Closed minminsun closed 1 year ago
Update: Upgraded to the latest commit 821e75a2b025c62e4fab0578e32a12b5ca5fc9e9, the performance gets much better. fused-attention-batch4-head48-d128-fwd-causal=False: N_CTX Triton 0 1024.0 69.581110 1 2048.0 73.569046 2 4096.0 75.318463 3 8192.0 76.932992 4 16384.0 76.648059
The performance with head_dim=128 is around 70% of head_dim=64. Maybe further improvement is still needed.
@minminsun For D=128, can you try this branch https://github.com/ROCmSoftwarePlatform/triton/tree/reduce_lds_usage
For D=128, we need larger tile size and some optimizations in the epilogue to reduce LDS usage. It should be soon merged in the triton-mlir branch.
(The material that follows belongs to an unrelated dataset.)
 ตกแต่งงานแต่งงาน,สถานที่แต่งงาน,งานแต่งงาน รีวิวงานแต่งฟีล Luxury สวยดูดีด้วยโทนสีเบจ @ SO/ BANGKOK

@zhanglx13 Thanks for your response! But the performance gets lower after switching to branch reduce_lds_usage (commit a6db42d2a2ccecaee279efdfd98d1cb530f75049) on MI210. fused-attention-batch4-head48-d128-fwd-causal=False: N_CTX Triton 0 1024.0 44.790182 1 2048.0 47.149518 2 4096.0 48.370925 3 8192.0 49.587914 4 16384.0 49.441485
@minminsun This is unexpected. Let me ping someone to try it.
@alefimov-amd Can you try this on a MI200 or MI210 machine?
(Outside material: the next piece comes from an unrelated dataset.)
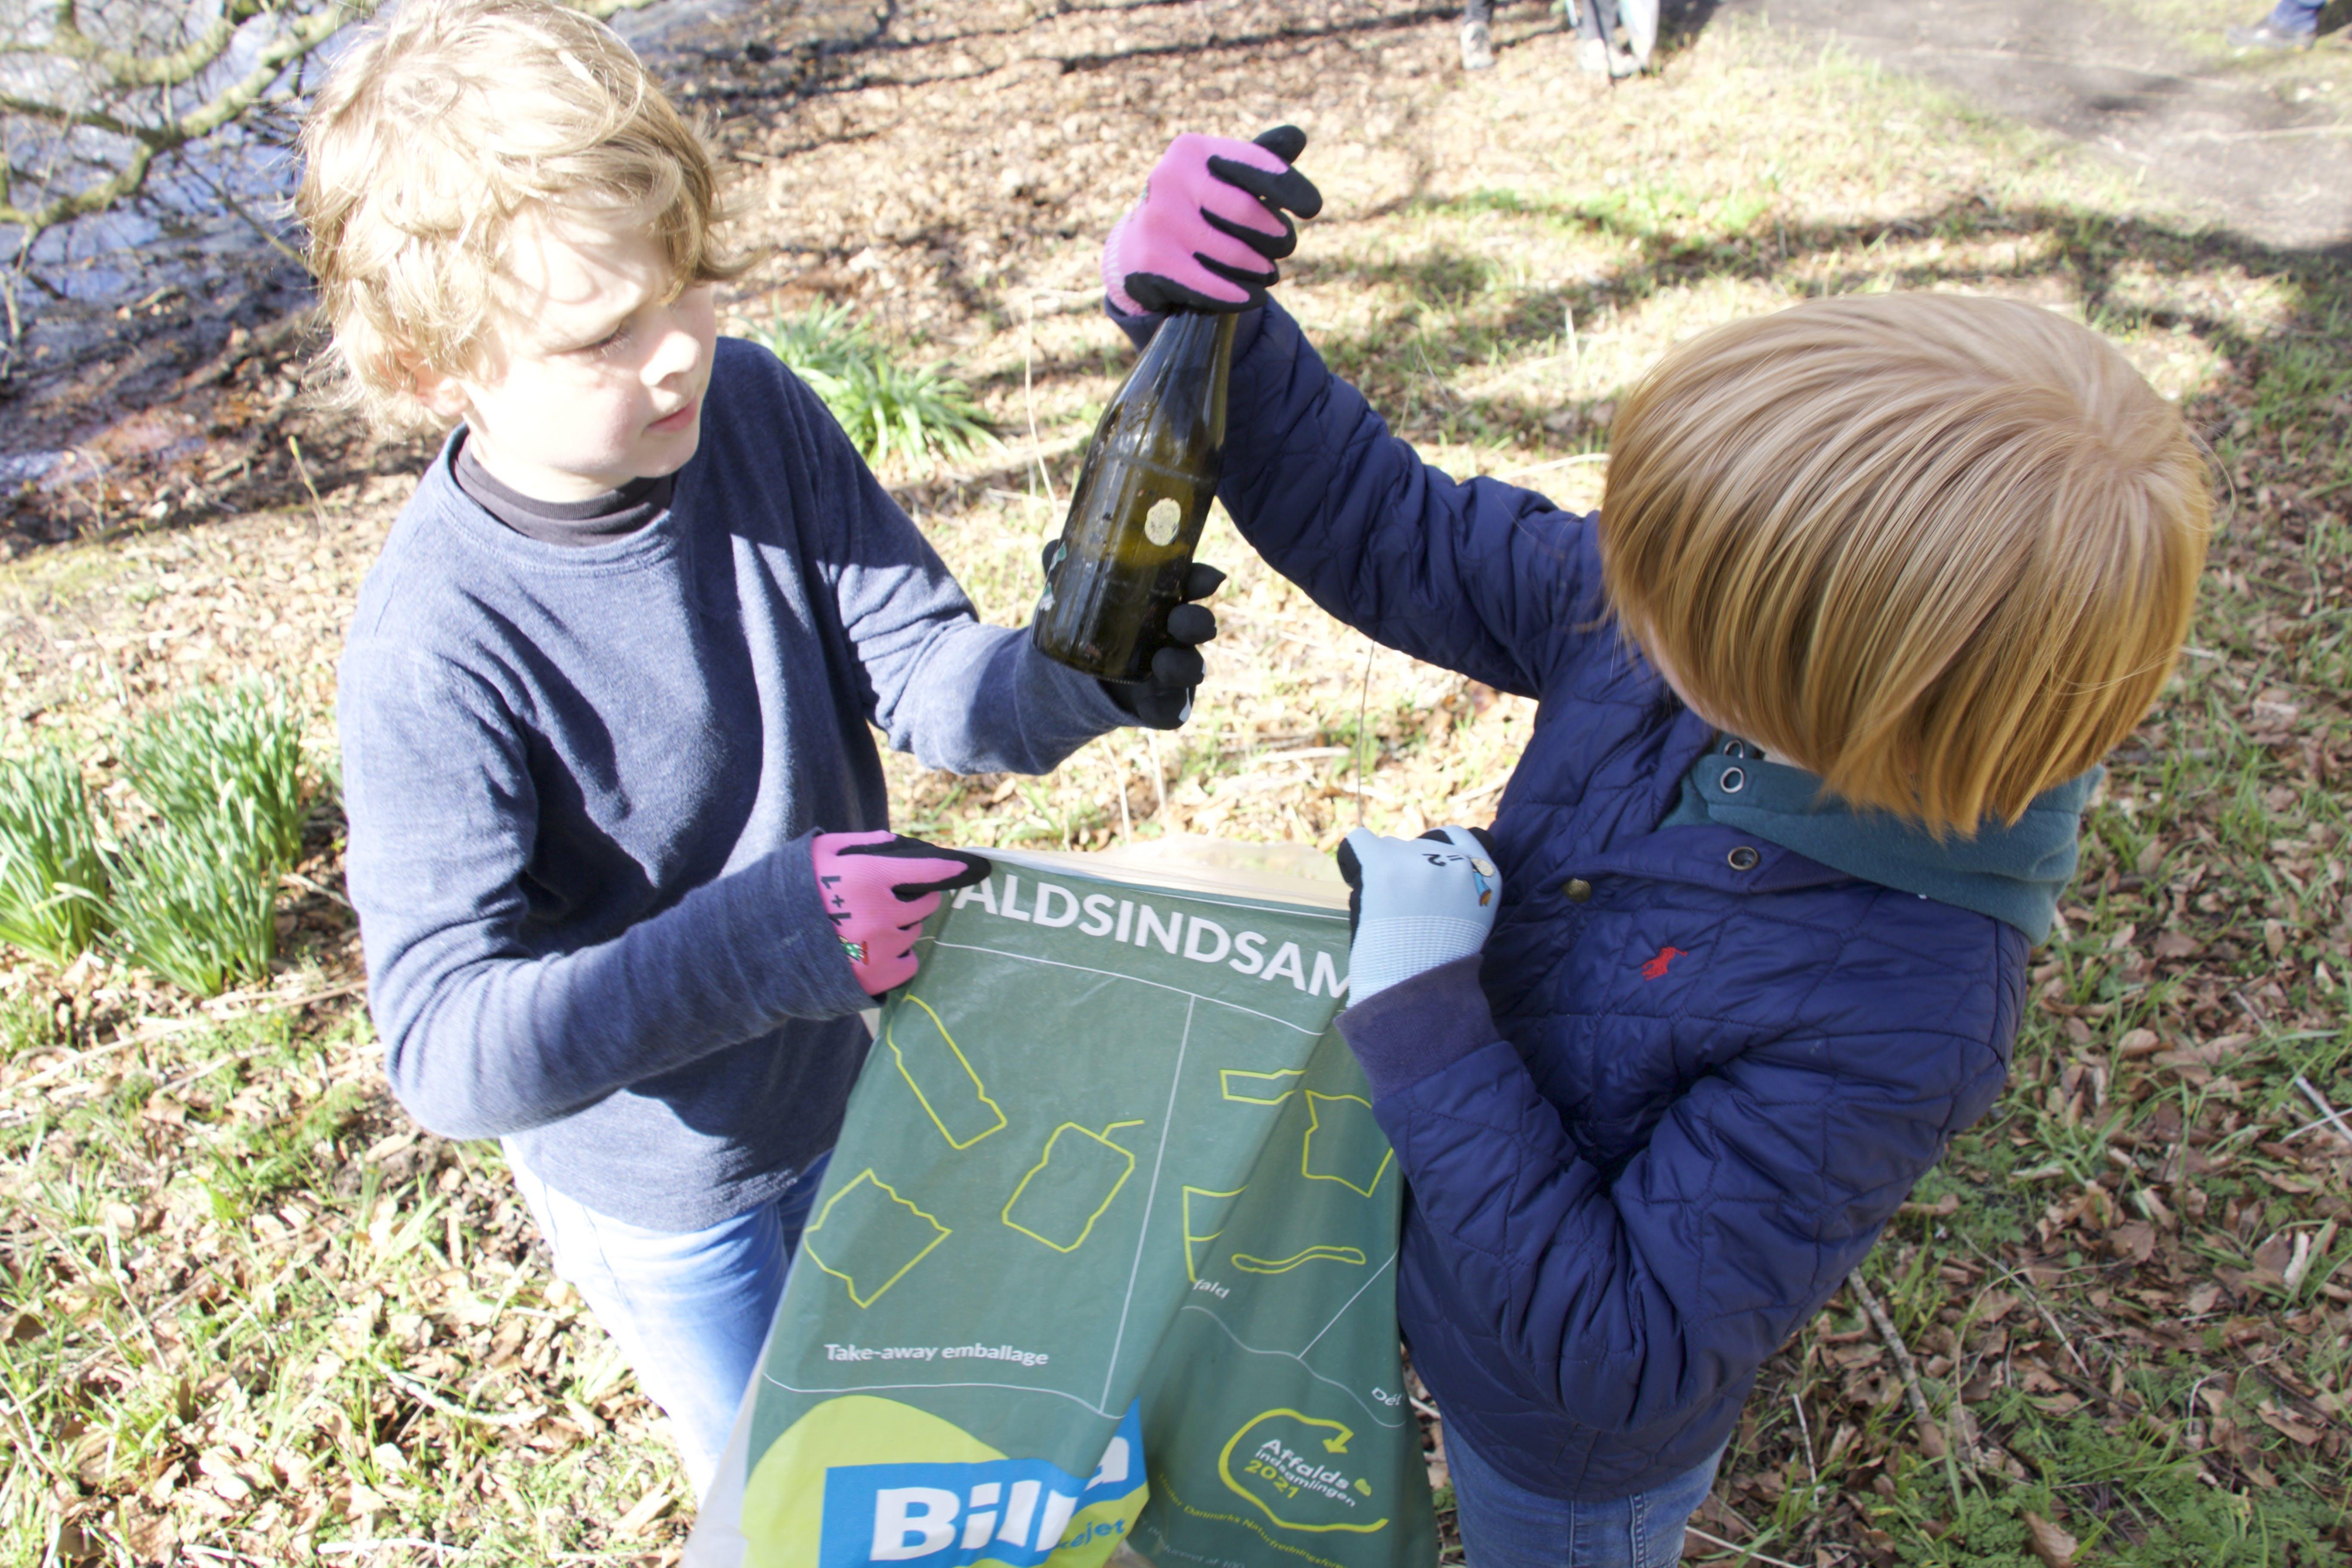 Folkeskoleelever samler skrald ved årets Affaldsindsamling. Foto: Emil Bobek

@minminsun Can you please double check if you rebuilt triton after switching to branch reduce_lds_usage
?
@zhanglx13 @minminsun
I've tried reduce_lds_usage
branch on mi210 and got this:
fused-attention-batch4-head48-d128-fwd-causal=False:
N_CTX Triton Flash-1
0 1024.0 85.164008 44.592183
1 2048.0 98.000198 50.076568
2 4096.0 94.663083 59.136411
3 8192.0 104.370936 60.812629
4 16384.0 105.686353 60.751002
On top of triton-mlir
branch I've also got slightly better results:
fused-attention-batch4-head48-d128-fwd-causal=False:
N_CTX Triton Flash-1
0 1024.0 73.678773 44.532794
1 2048.0 77.849647 54.586812
2 4096.0 80.303655 59.137811
3 8192.0 82.175344 60.307481
4 16384.0 82.501823 60.928475
@minminsun Could you share what changes did you do to tutorial script?
P.s. Could you also check different rocm versions. They could affect performance a little. I was using 5.4.0
Thanks @binarman !
Could you share what changes did you do to tutorial script?
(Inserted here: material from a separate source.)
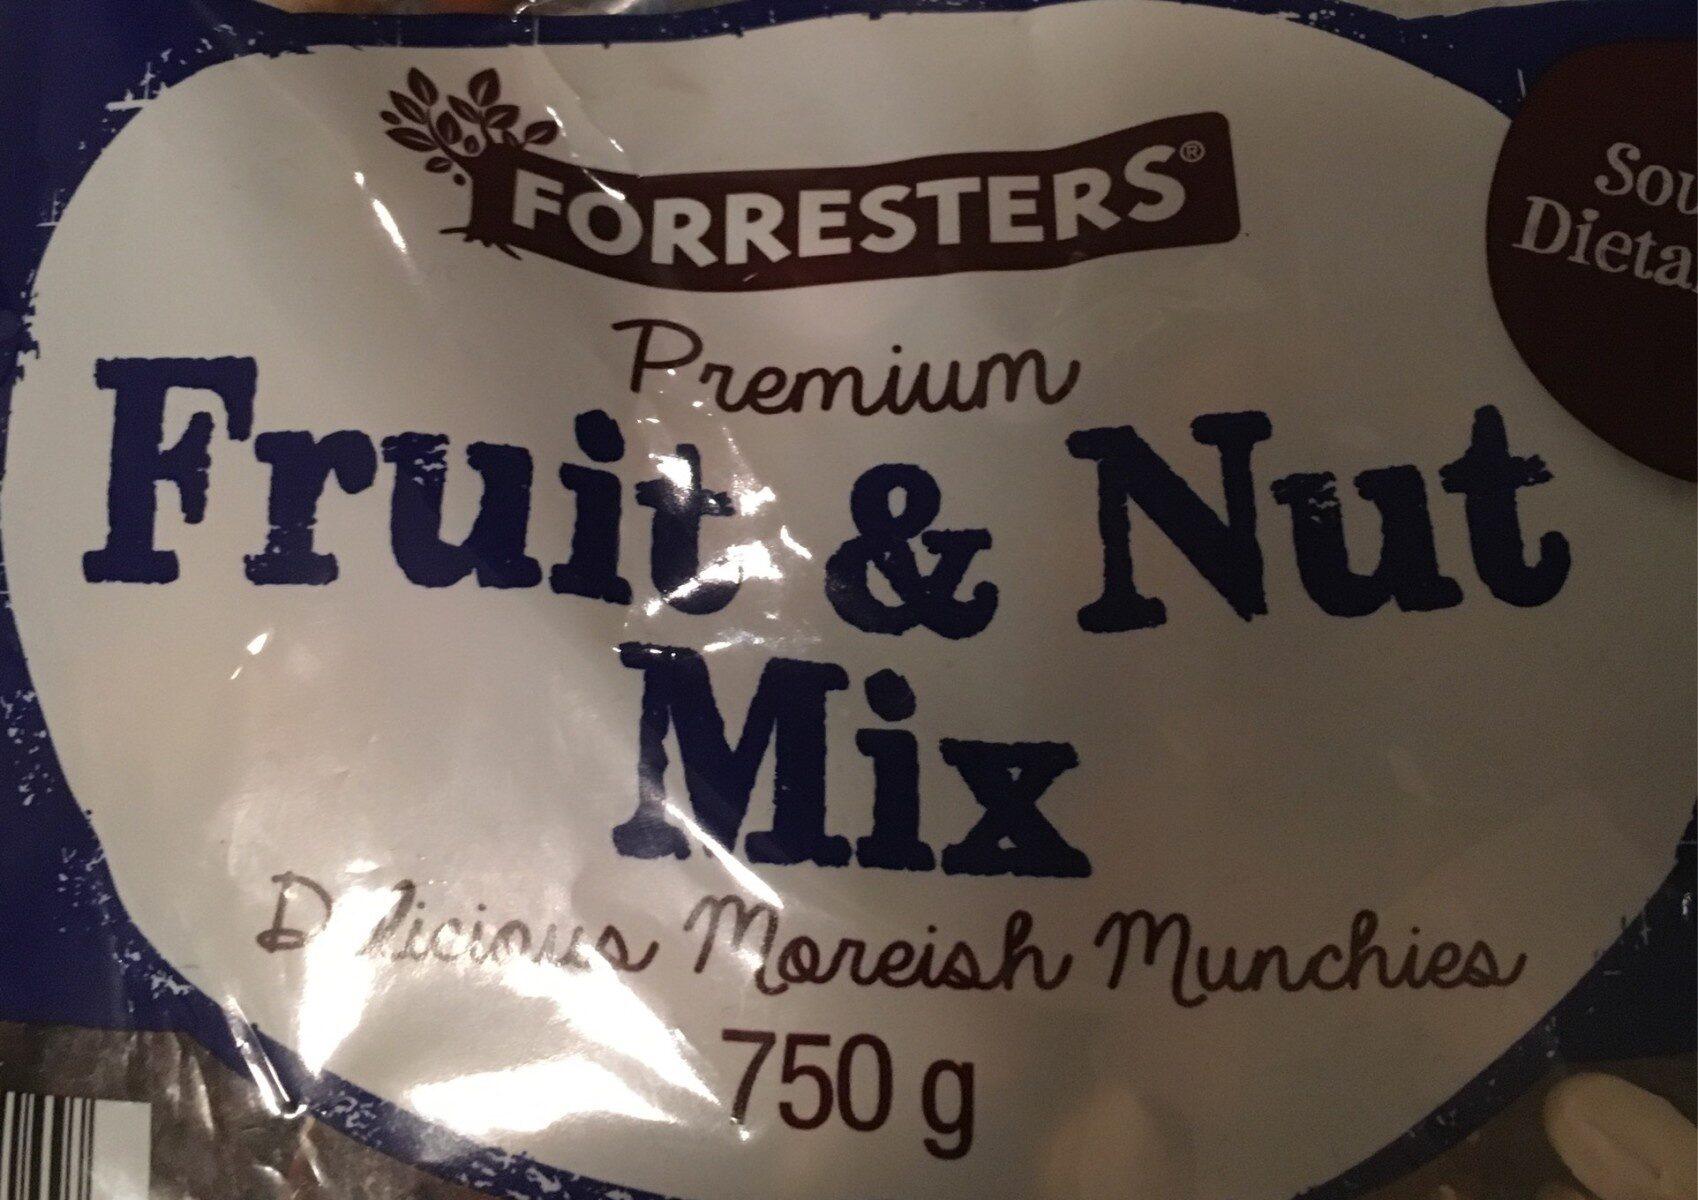 Fruit & Nut Mix - Product - en

I did no change to the tutorial scipt.
P.s. Could you also check different rocm versions. They could affect performance a little.
The version I use is rocm-5.2.3. This might be the reason of slow-down.
105 tflops for D=128 on MI210 seems reasonable. Thanks @binarman
Give it a try with a newer ROCm. Please re-open as needed.
Running tutorials/06-fused-attention.py on MI210, the performance with head_dim=64 looks good: fused-attention-batch4-head48-d64-fwd: N_CTX Triton 0 1024.0 92.771498 1 2048.0 100.215724 2 4096.0 102.864525 3 8192.0 104.837738 4 16384.0 105.736522
But the performance drops dramatically when head_dim changed to 128: fused-attention-batch4-head48-d128-fwd: N_CTX Triton 0 1024.0 12.889821 1 2048.0 13.136331 2 4096.0 13.232509 3 8192.0 13.355740 4 16384.0 13.383783
The performance with head_dim=128 is very important because it is the head_dim of the most popular LLM models.
Do you have idea of why and how can this be improved? Thanks!